• _Your goal_
Below is a listing to write out in full, exactly as given, without its pictures.

• _Given material_
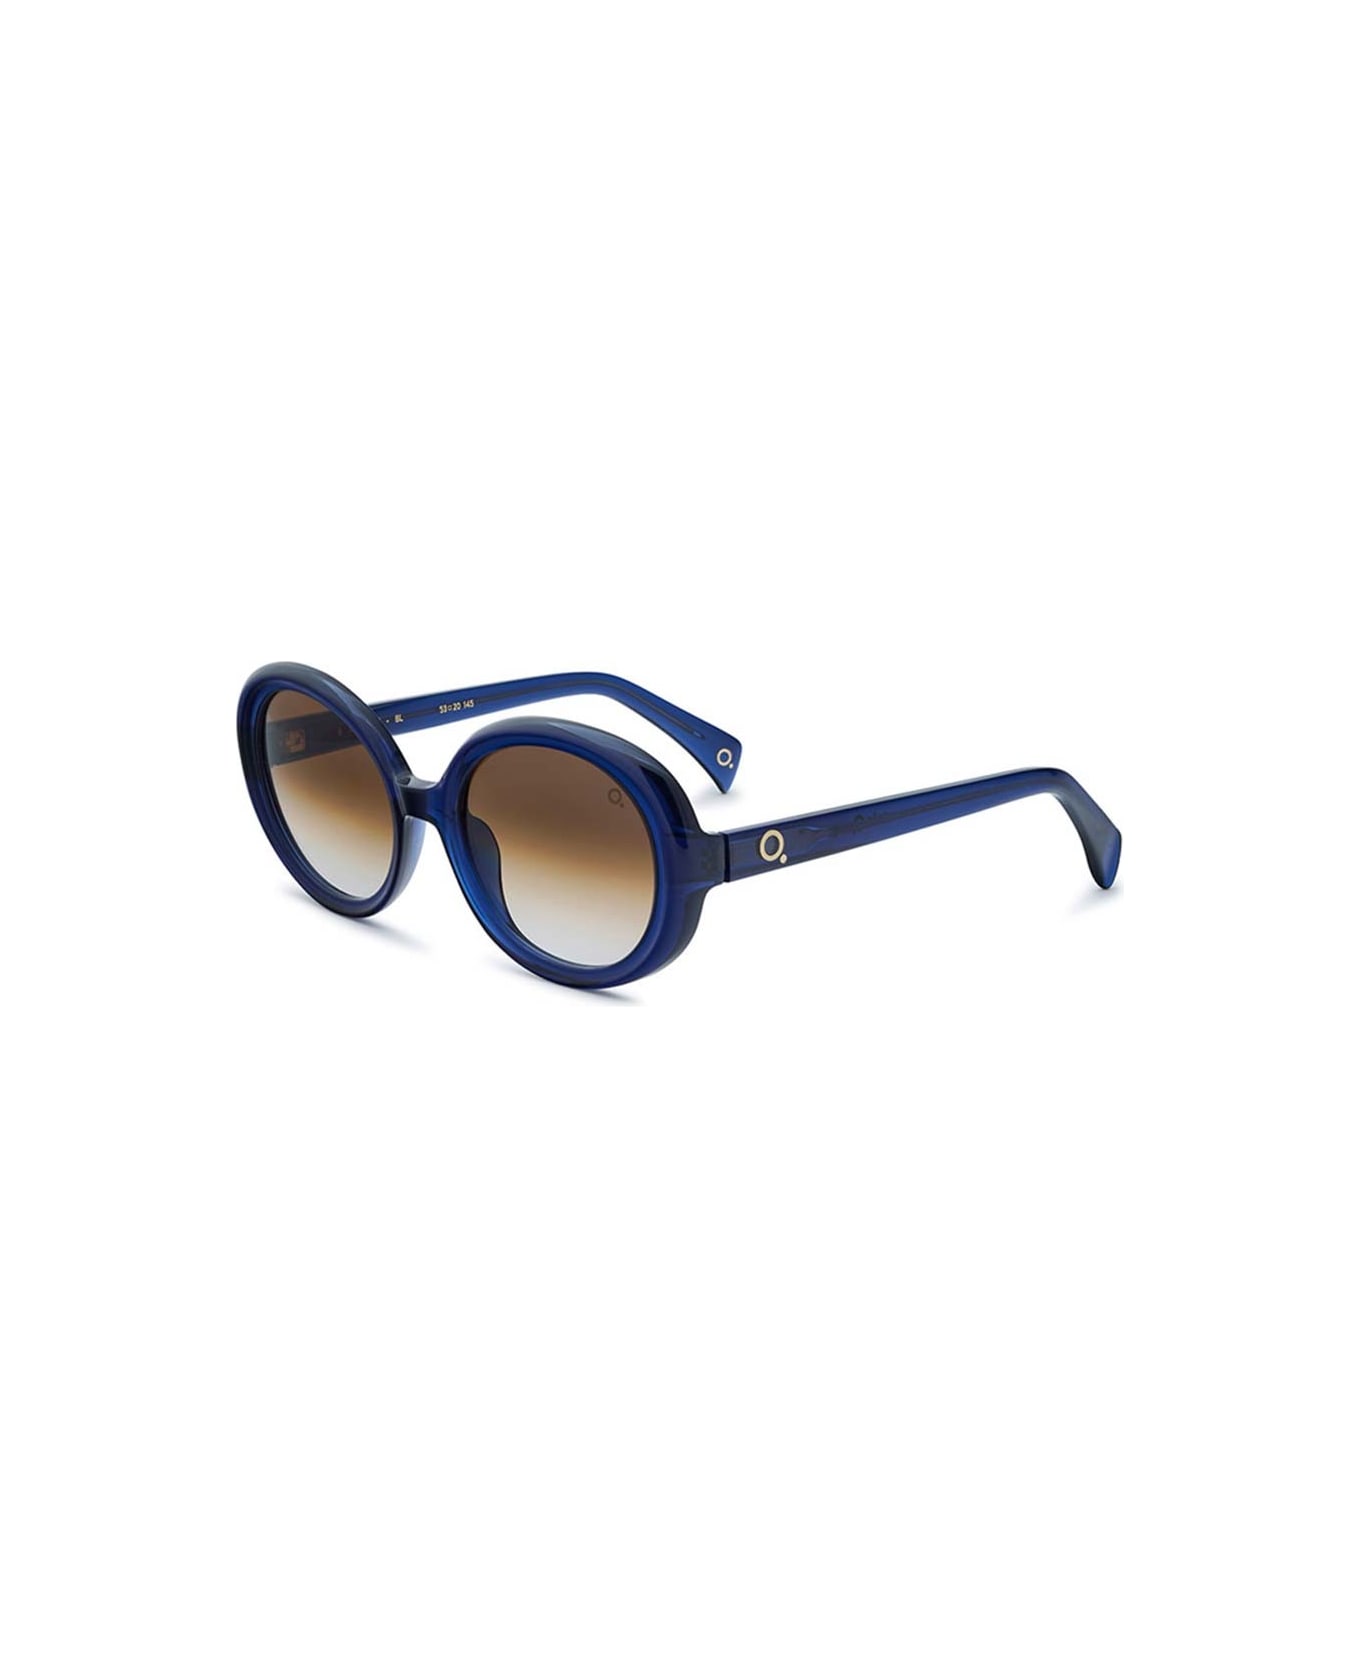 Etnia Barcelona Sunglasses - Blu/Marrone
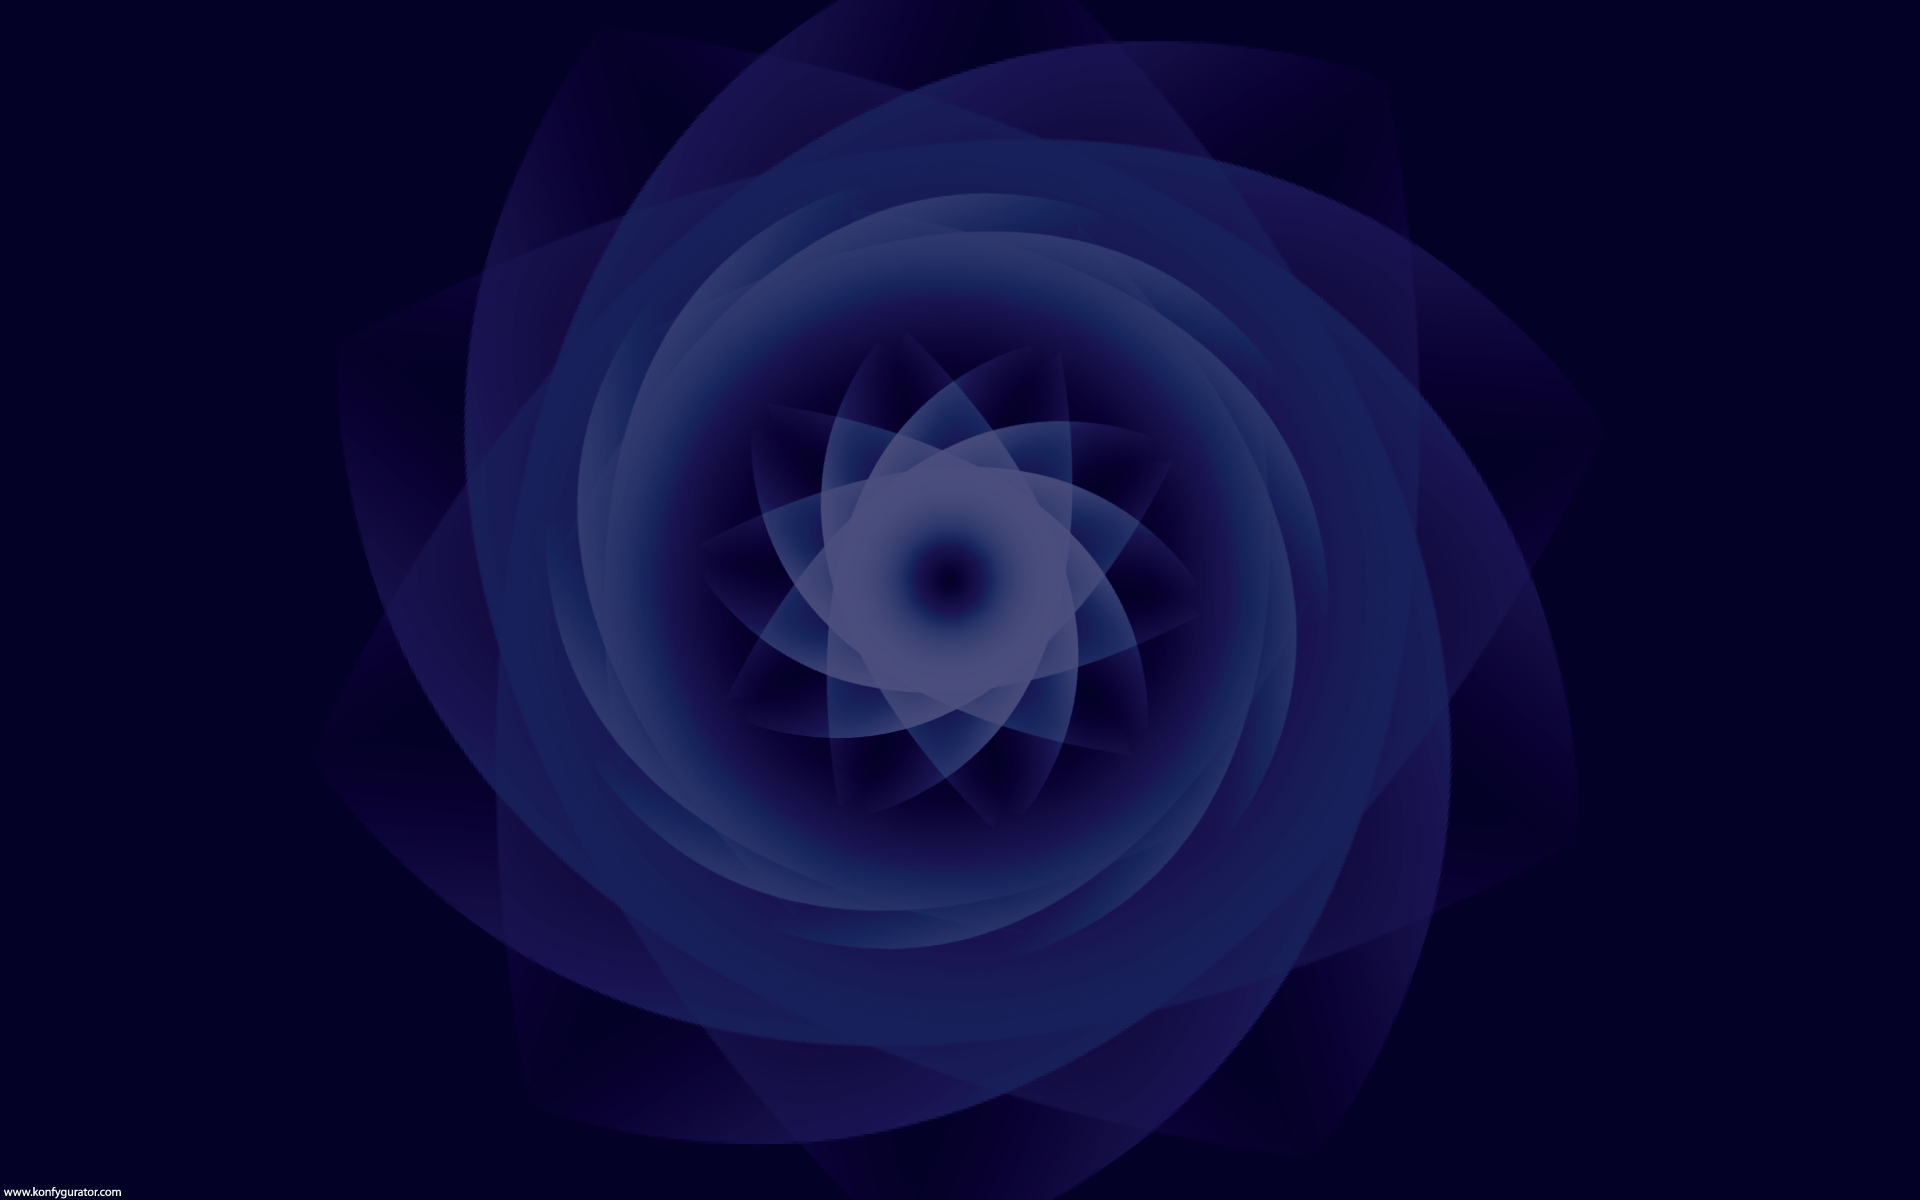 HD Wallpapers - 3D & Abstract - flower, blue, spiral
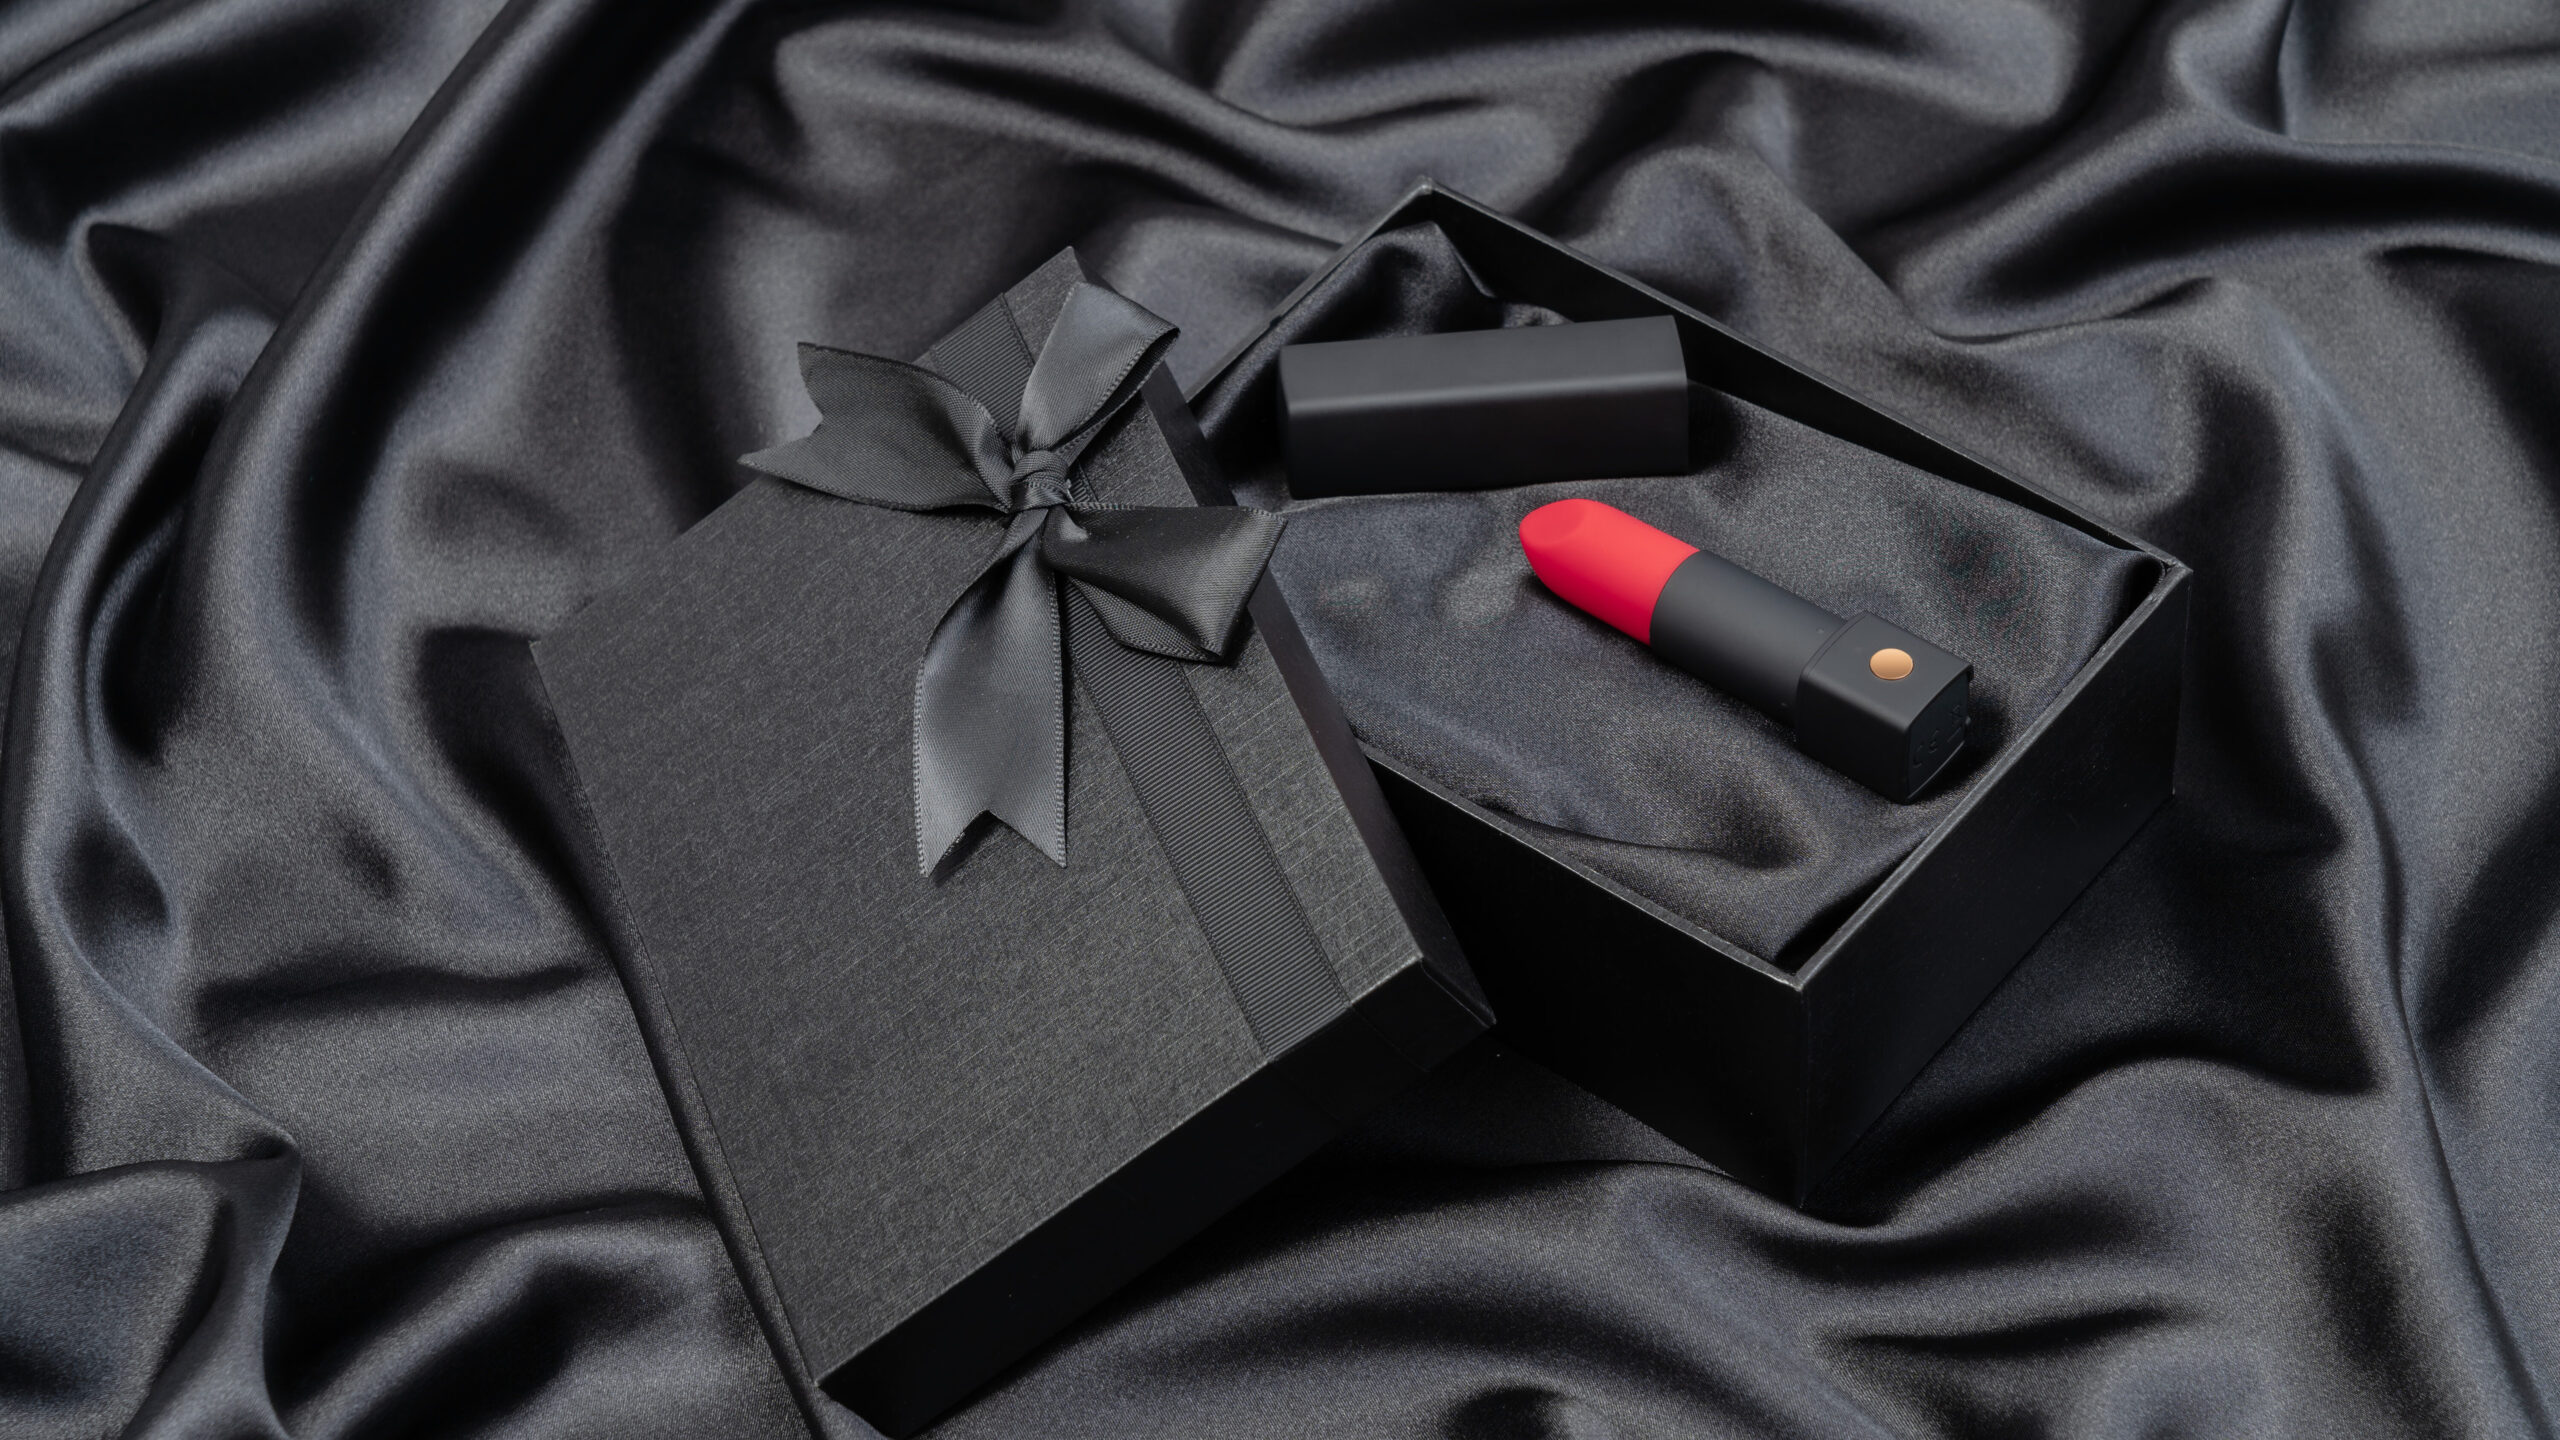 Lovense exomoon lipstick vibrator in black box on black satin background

• _Written reply_
 Etnia Barcelona Sunglasses - Blu/Marrone
 HD Wallpapers - 3D & Abstract - flower, blue, spiral
 Lovense exomoon lipstick vibrator in black box on black satin background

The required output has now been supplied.